### Data excerpt
★ ★ ★ ★ ★ ★ ★

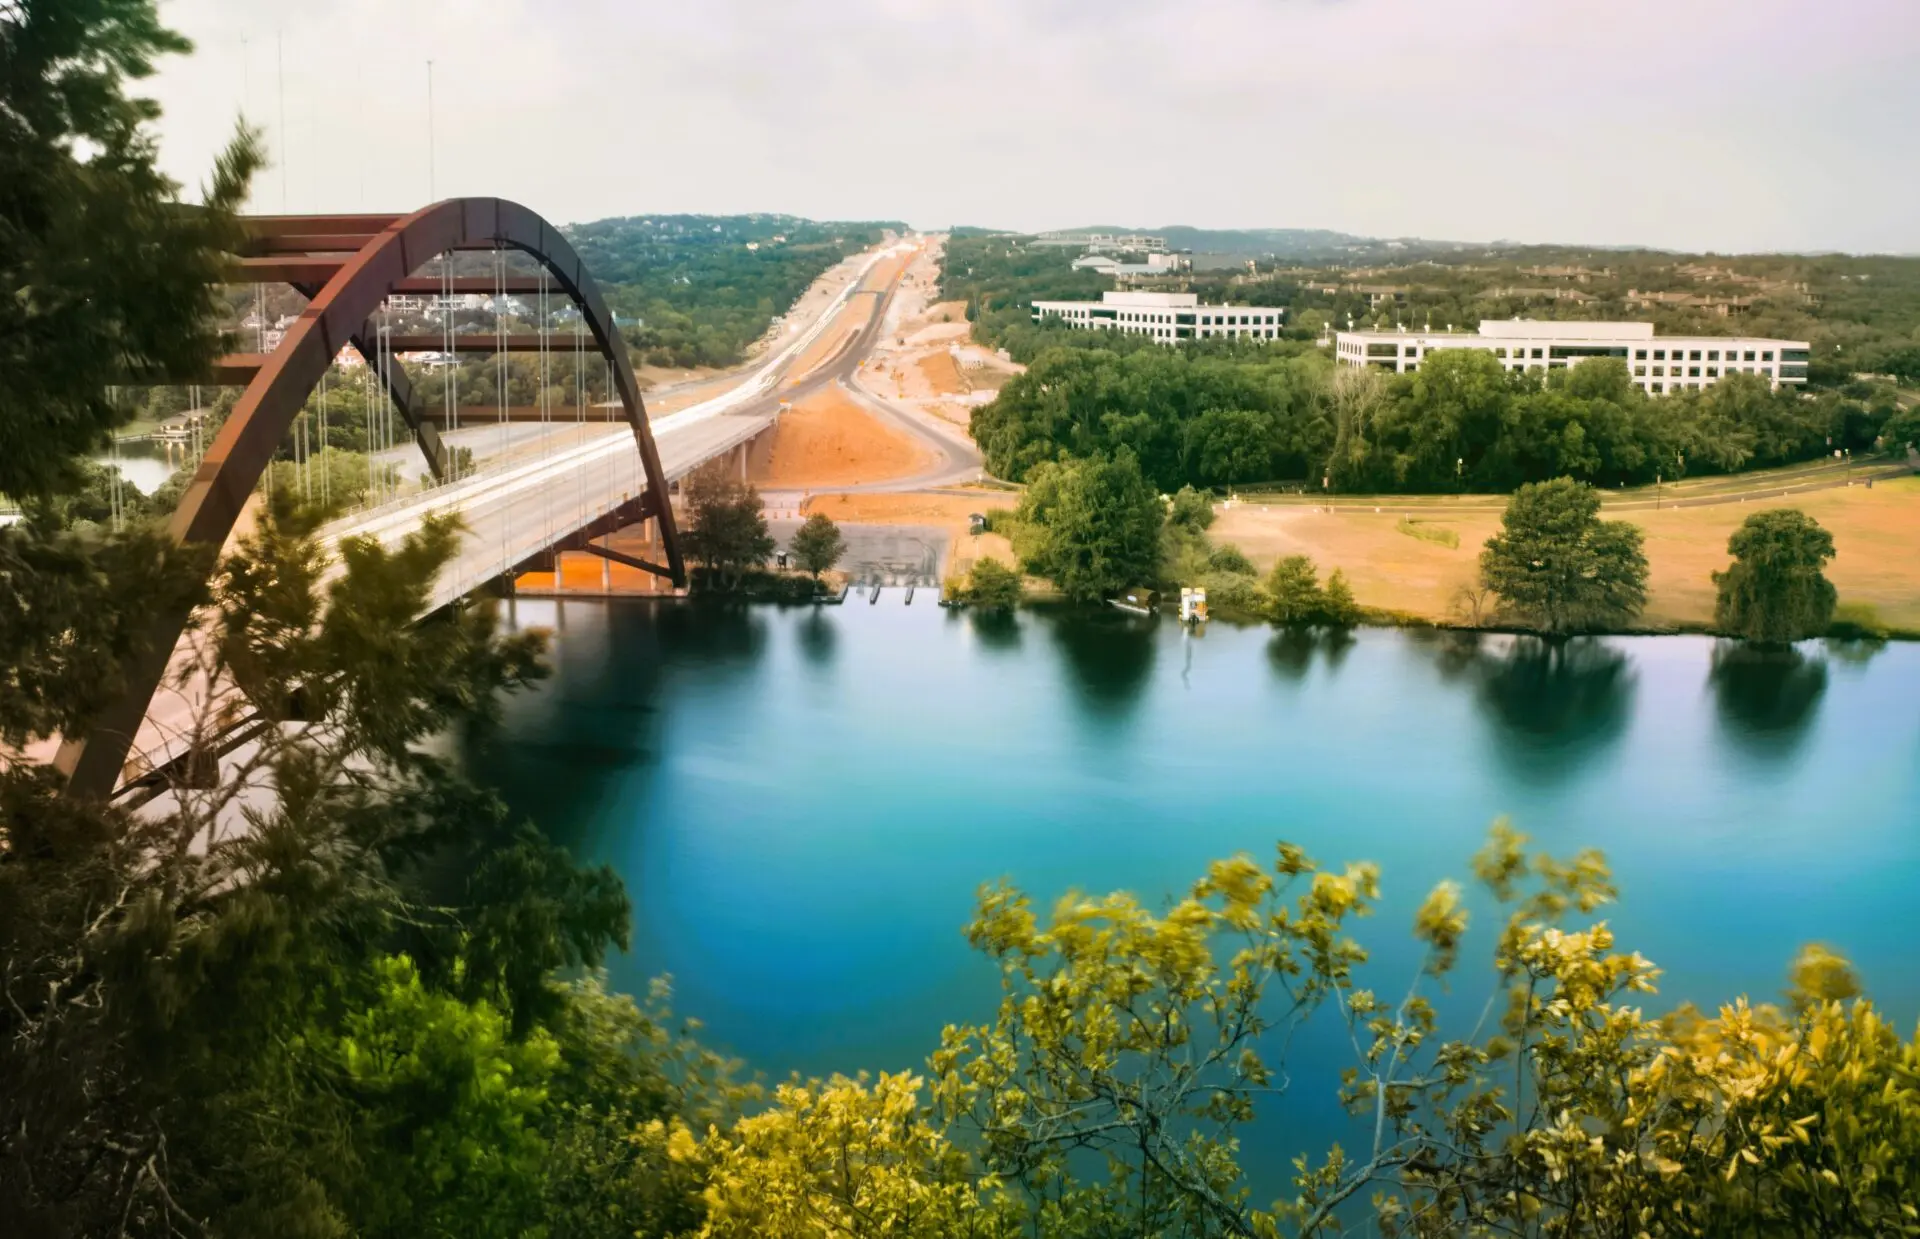 360 Bridge in Austin, Texas, surrounded by vacant land for development
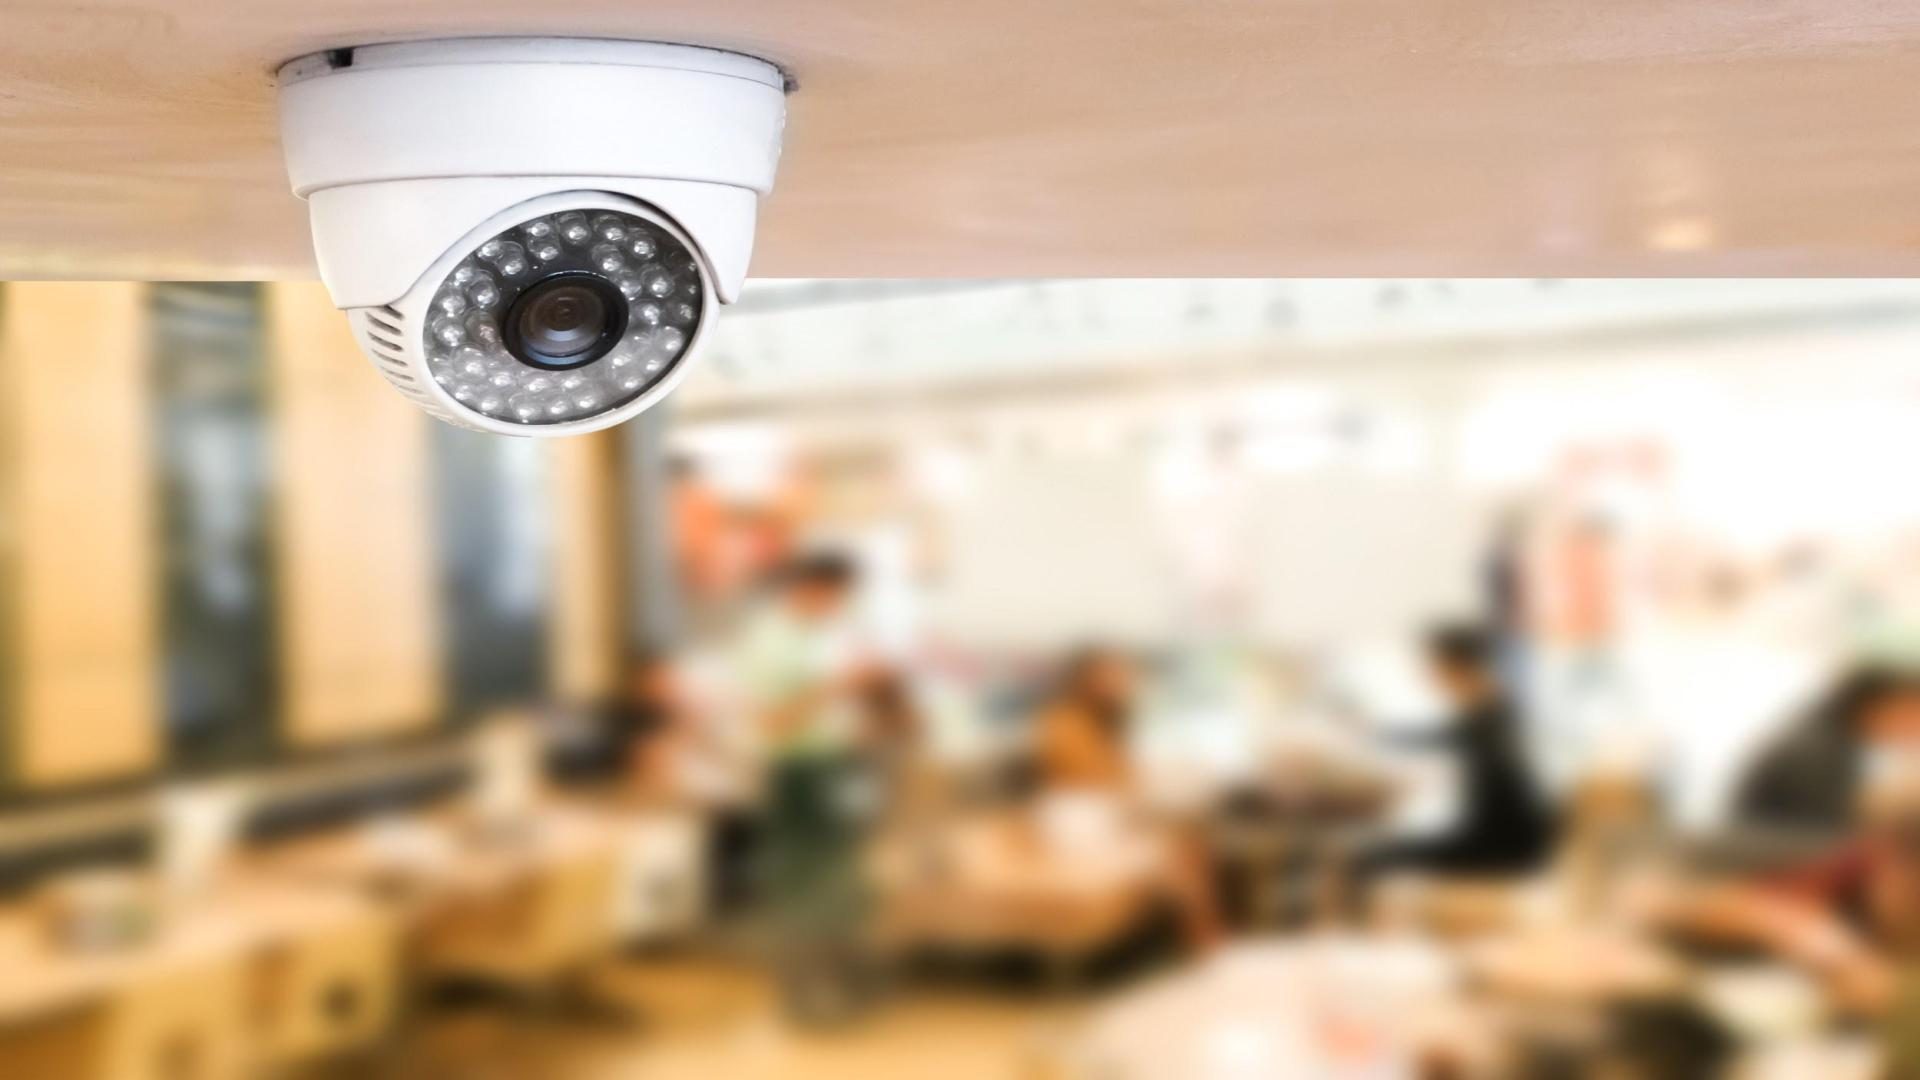 A security surveillance camera installed on the ceilling of an office.
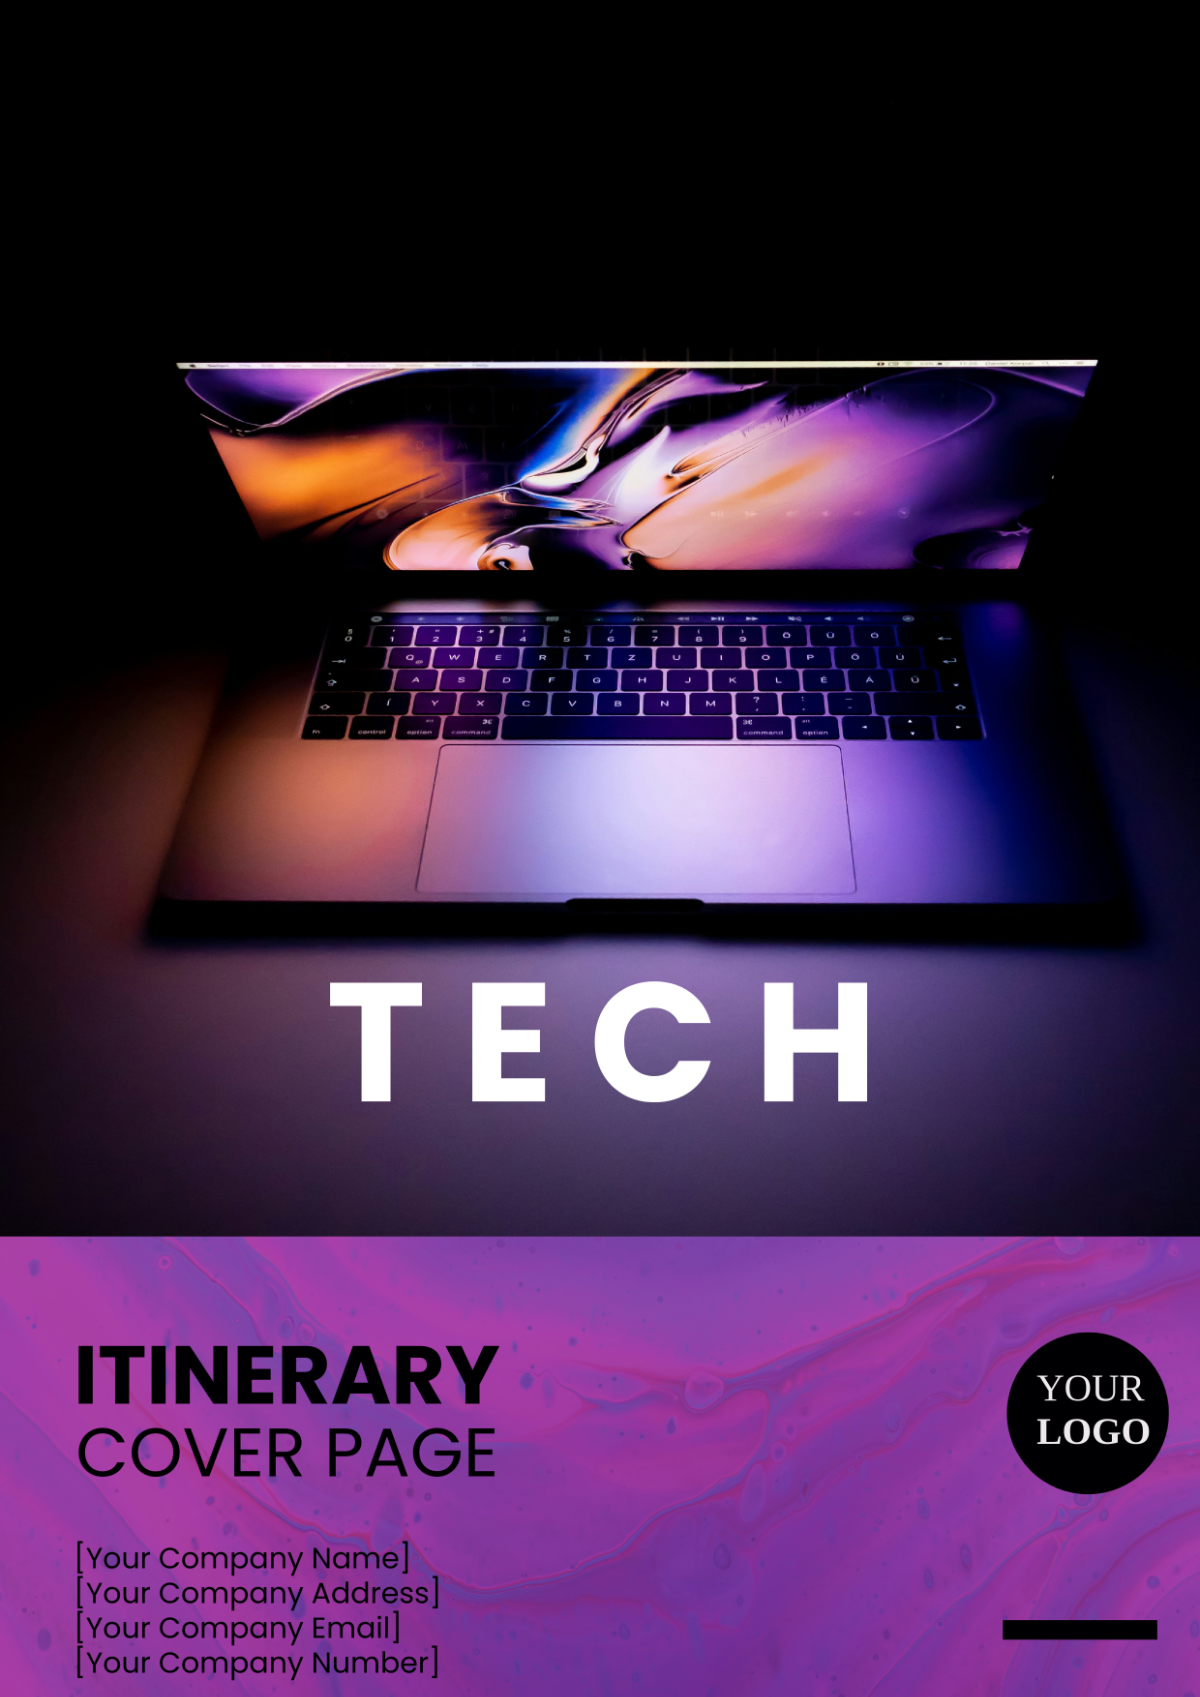 Tech Itinerary Cover Page

★ ★ ★ ★ ★ ★ ★

### Exercise instructions
Keep every word of the lines above unchanged in the copy, and omit the pictures.

### Exercise response
 360 Bridge in Austin, Texas, surrounded by vacant land for development
 A security surveillance camera installed on the ceilling of an office.
 Tech Itinerary Cover Page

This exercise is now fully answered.